### [Dataset excerpt]
---*---

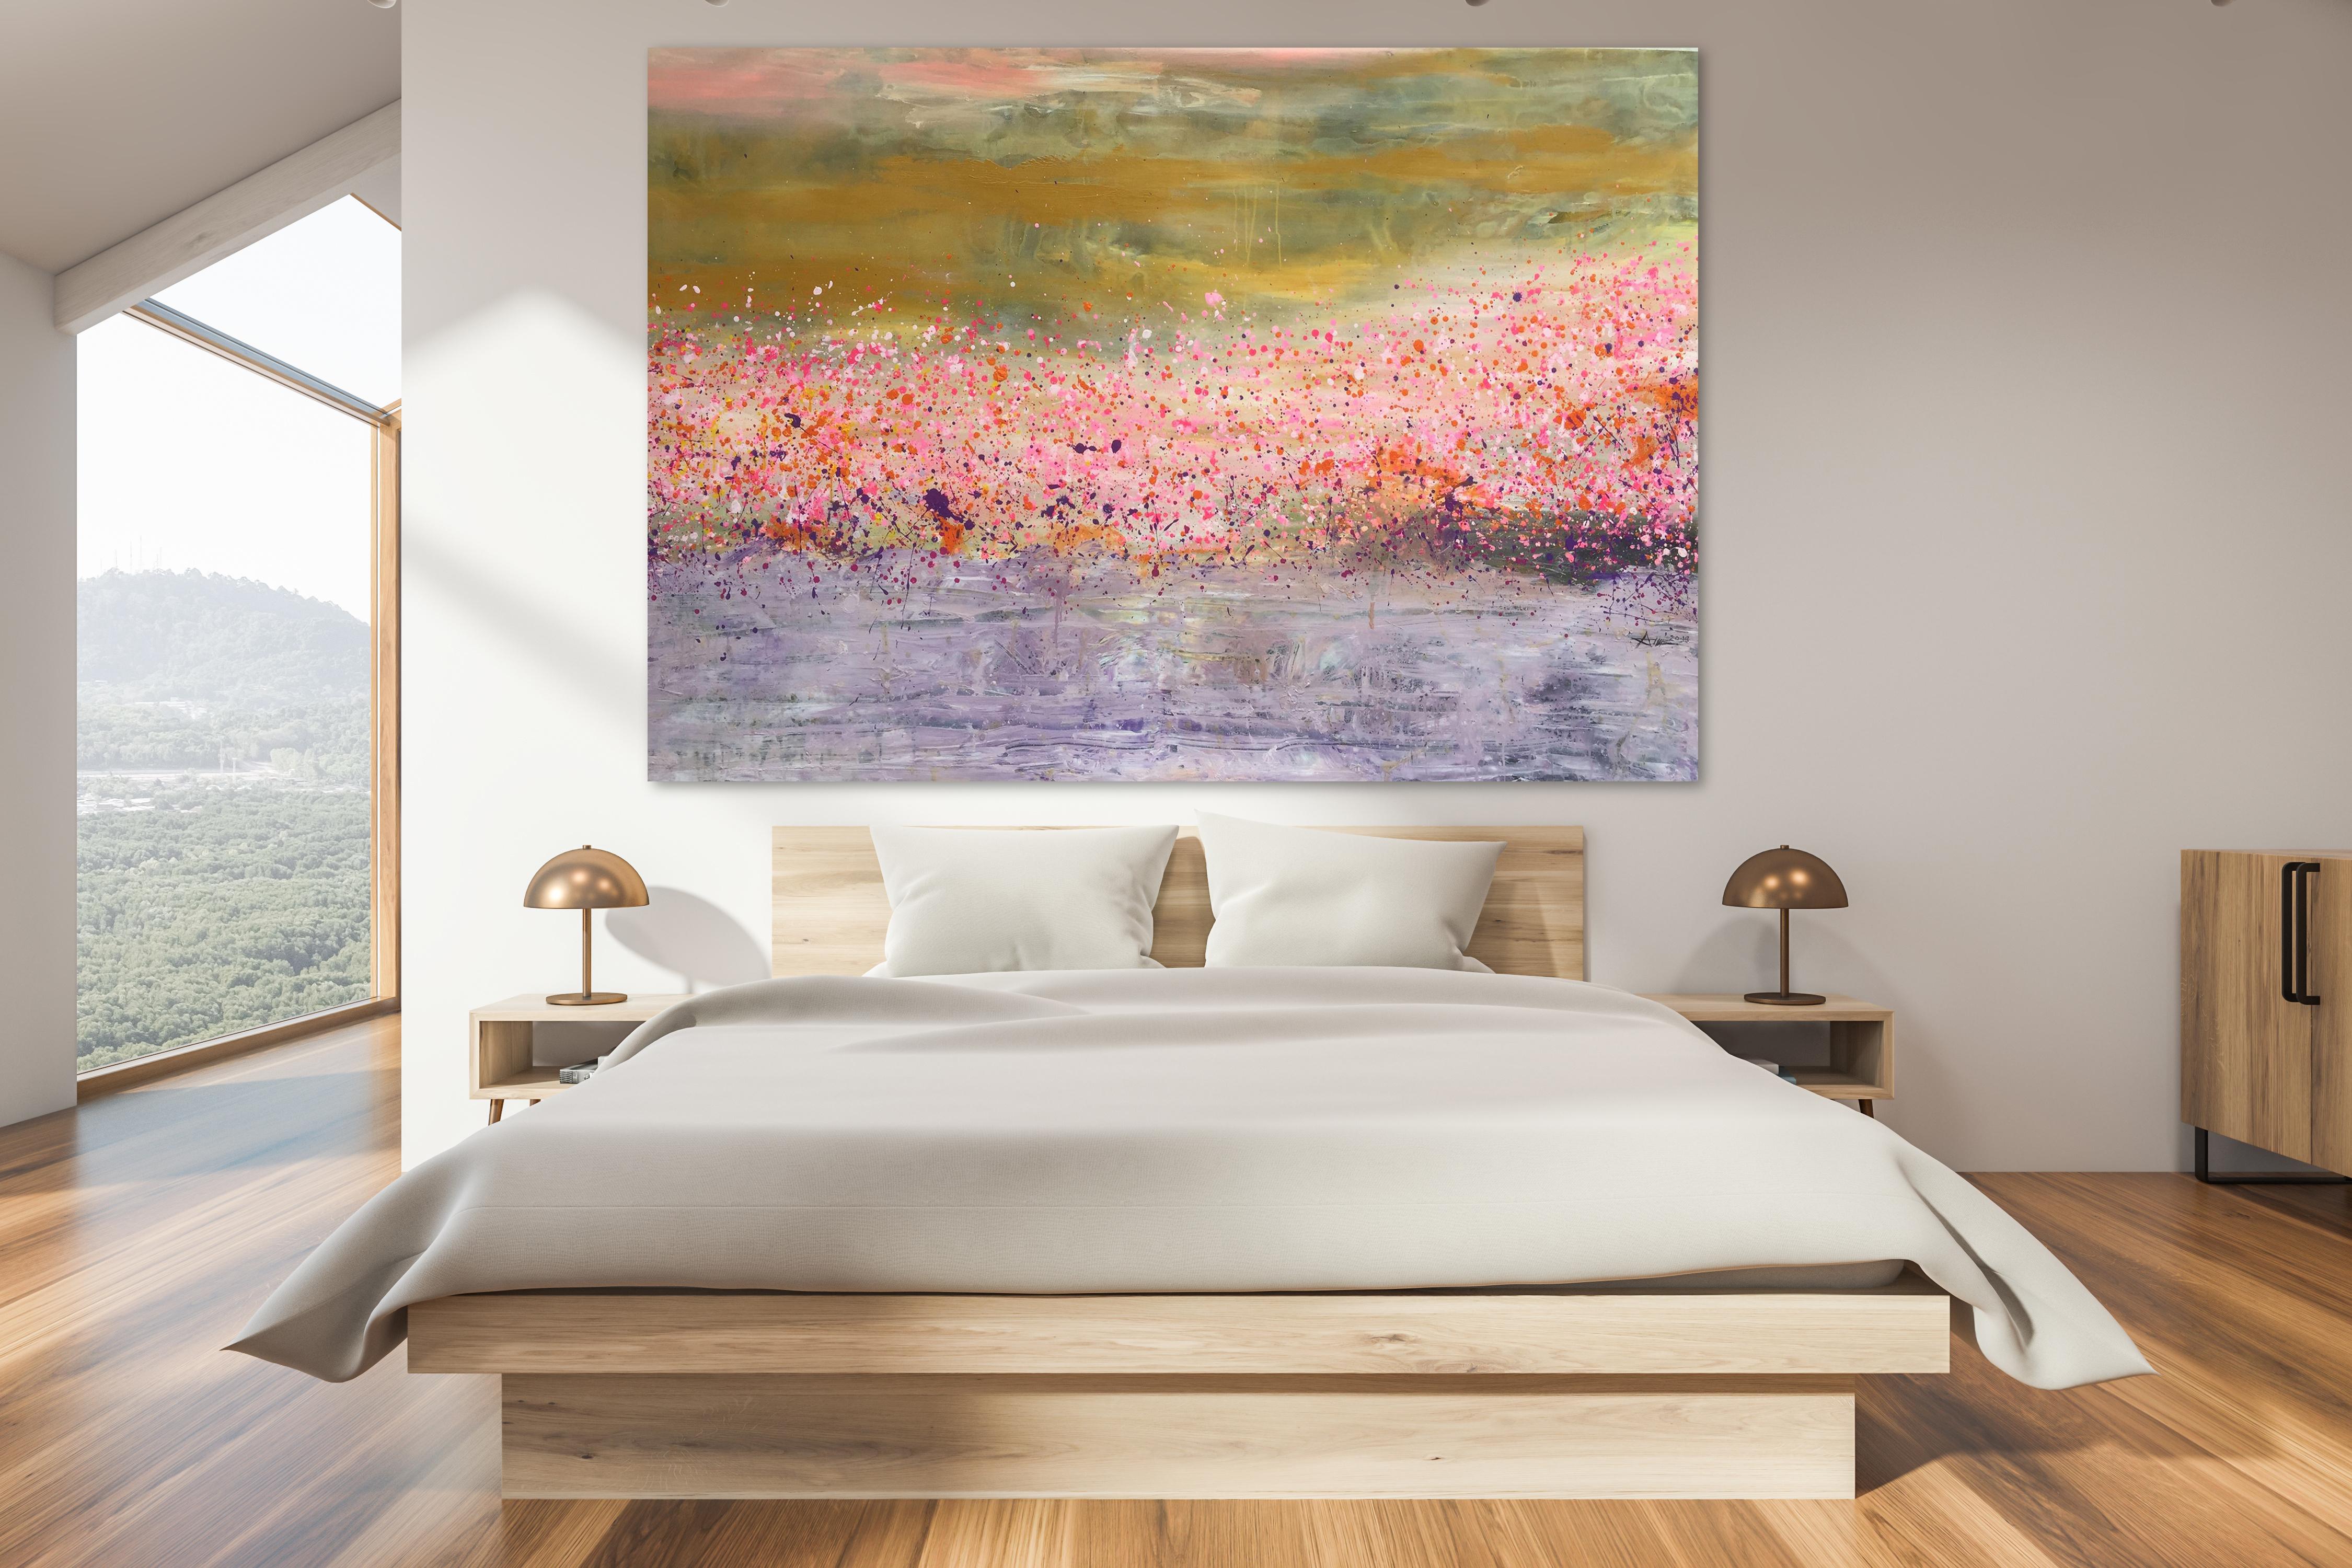 Le printemps rose - Painting de Nguyen Xuan Anh
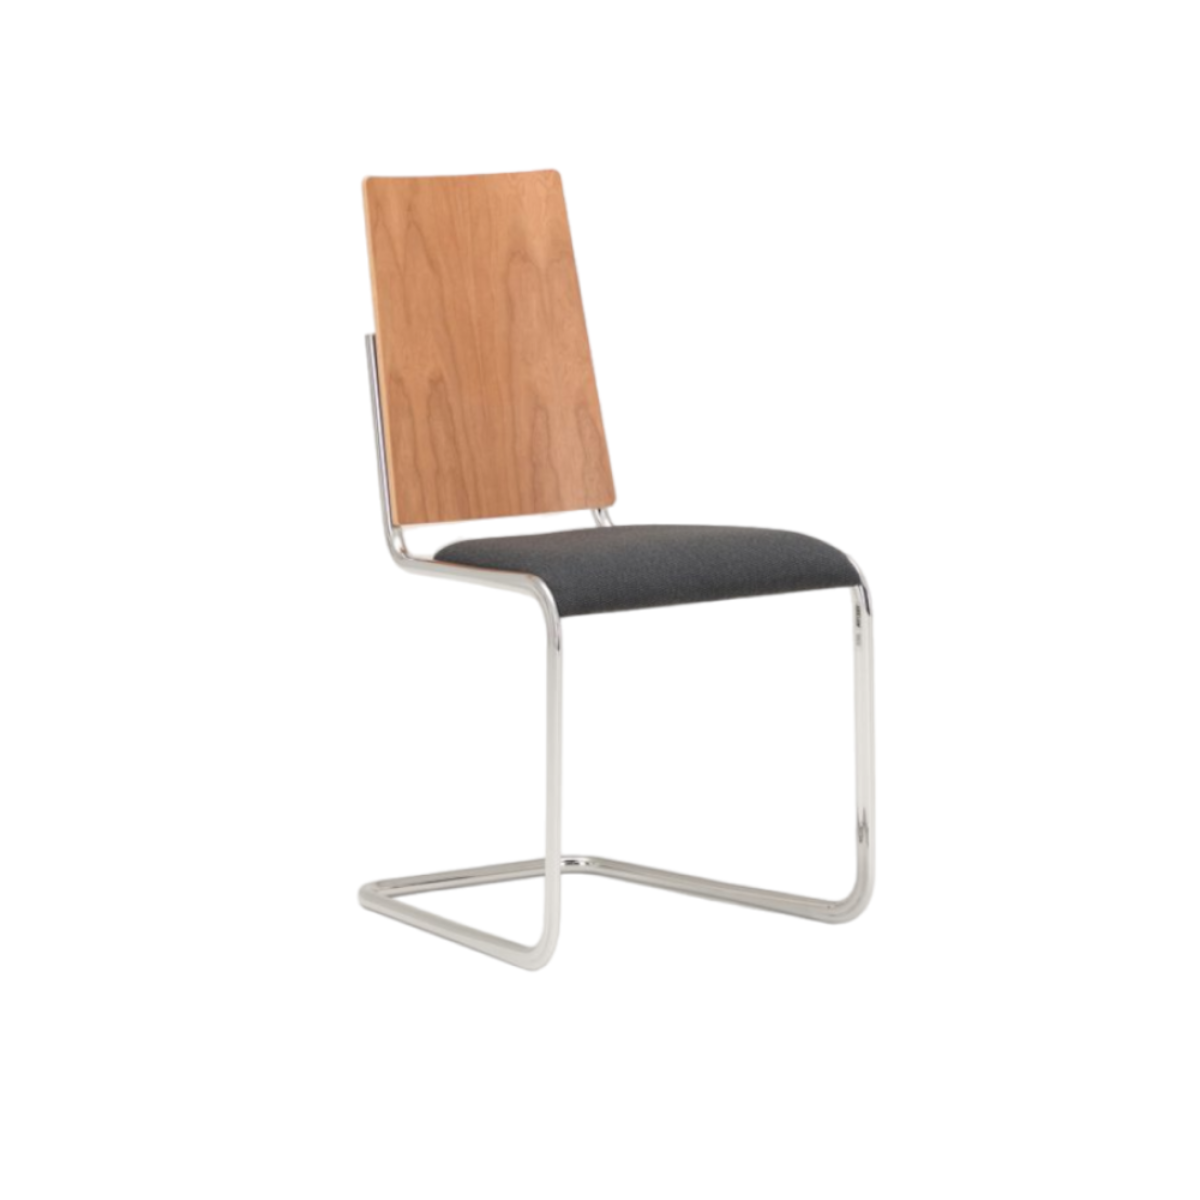 TECTA B17 Cantilever Chair - Cherry
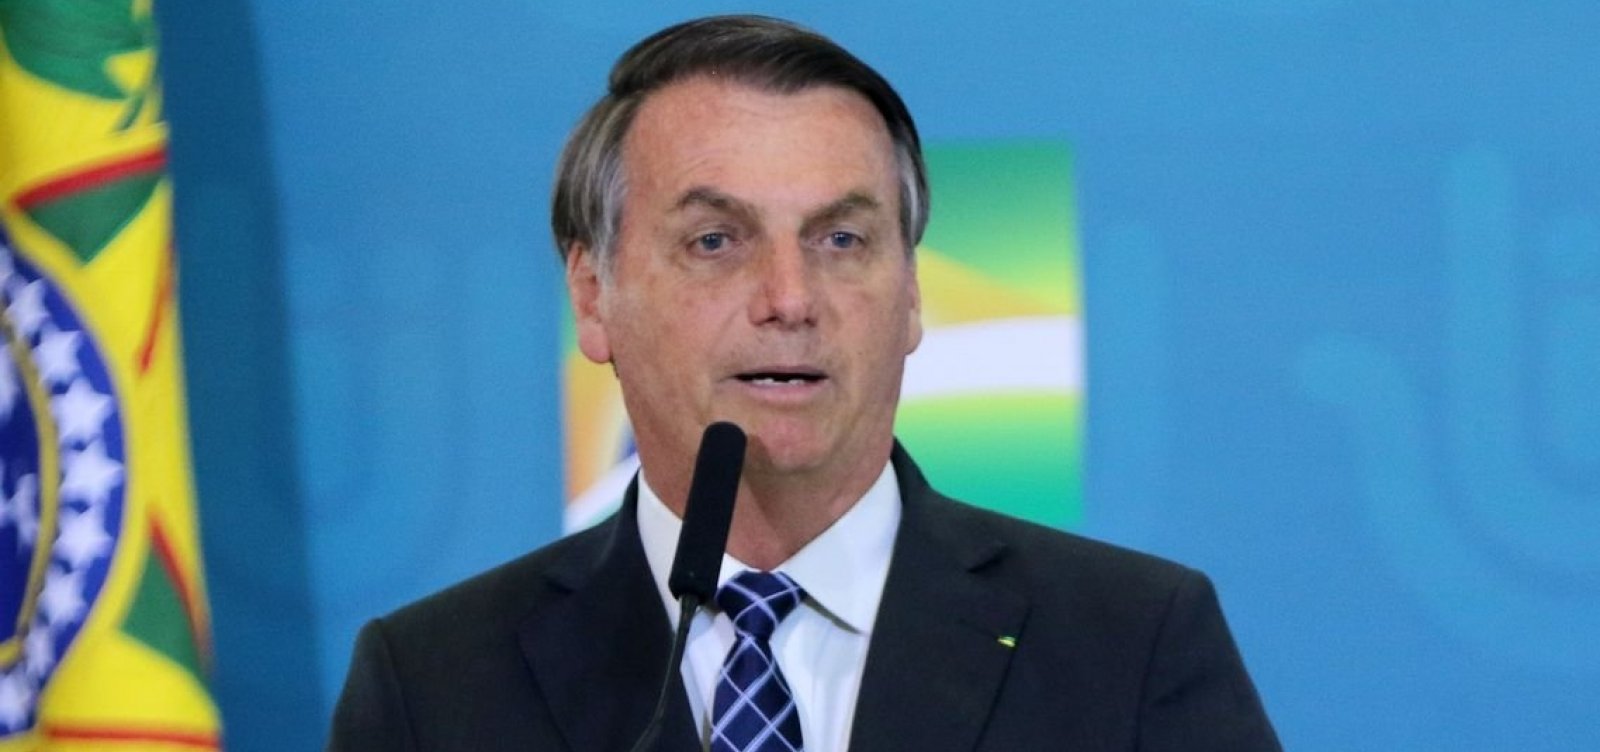 Bolsonaro retirou lesões causadas por exposição ao sol

---*---

### [Task to complete]
Starting at the line that contains "TECTA B17 Cantilever Chair - Cherry", extract each line through the last line of the material exactly as written, and include no pictures.

### [Response box]
 TECTA B17 Cantilever Chair - Cherry
 Bolsonaro retirou lesões causadas por exposição ao sol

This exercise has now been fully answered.